São dois bancos no campus-sede (um no hall da Reitoria e outro no bloco Jorge Kalume), além de um no campus Floresta, em Cruzeiro do Sul. A reitora Guida Aquino destacou que a instalação dos bancos reforça o papel da universidade na promoção de campanhas e políticas de conscientização sobre a violência contra a mulher. “A violência não se caracteriza apenas em matar, também se caracteriza em gestos, em fala, em atitudes.”
A secretária de Estado da Mulher, Márdhia El-Shawwa, ressaltou a importância de a Ufac incorporar o debate sobre o feminicídio em seus espaços institucionais e defendeu a atuação conjunta entre universidade, governo e sociedade.

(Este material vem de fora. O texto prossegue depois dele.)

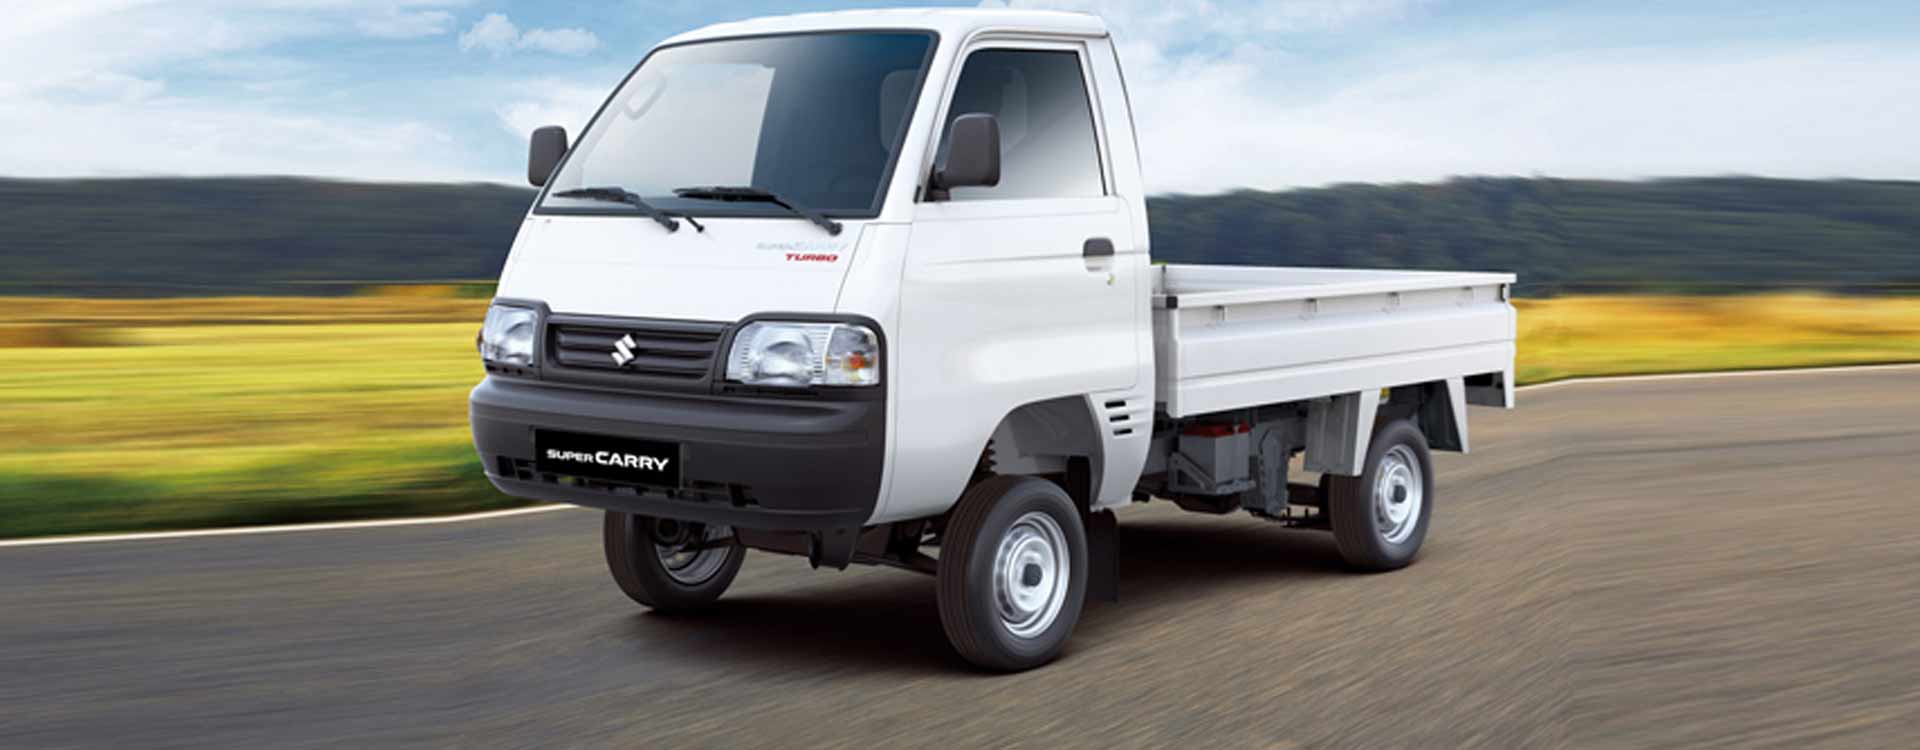 Maruti Commercial Vehicle in Chennai

Segundo ela, a violência contra a mulher não pode ser naturalizada e a conscientização precisa alcançar também a formação de crianças e adolescentes.
A inauguração do Banco Vermelho também ocorre no contexto da aprovação da resolução do Conselho Universitário n.º 266, de 21/01/2026, que institui normas para a efetividade da política de prevenção e combate ao assédio moral, sexual, discriminações e outras violências, principalmente no que se refere a mulheres, população negra, indígena, pessoas com deficiência e LGBTQIAPN+ no âmbito da Ufac em local físico ou virtual relacionado.
No campus Floresta, em Cruzeiro do Sul, a inauguração do Banco Vermelho contou com a participação da coordenadora do Centro de Referência Brasileiro da Mulher, Anequele Monteiro.

Participaram da solenidade, no campus-sede, a pró-reitora de Desenvolvimento e Gestão de Pessoas, Filomena Maria Cruz; a pró-reitora de Graduação, Ednaceli Damasceno; a pró-reitora de Pesquisa e Pós-Graduação, Margarida Carvalho; a coordenadora do projeto de extensão Infância Segura, Alcione Groff; o secretário de Estado de Saúde, Pedro Pascoal; a defensora pública e chefe do Núcleo de Promoção da Defesa dos Direitos Humanos da Mulher, Diversidade Sexual e Gênero da DPE-AC, Clara Rúbia Roque; e o chefe do Centro de Apoio Operacional de Proteção à Mulher do MP-AC, Victor Augusto Silva.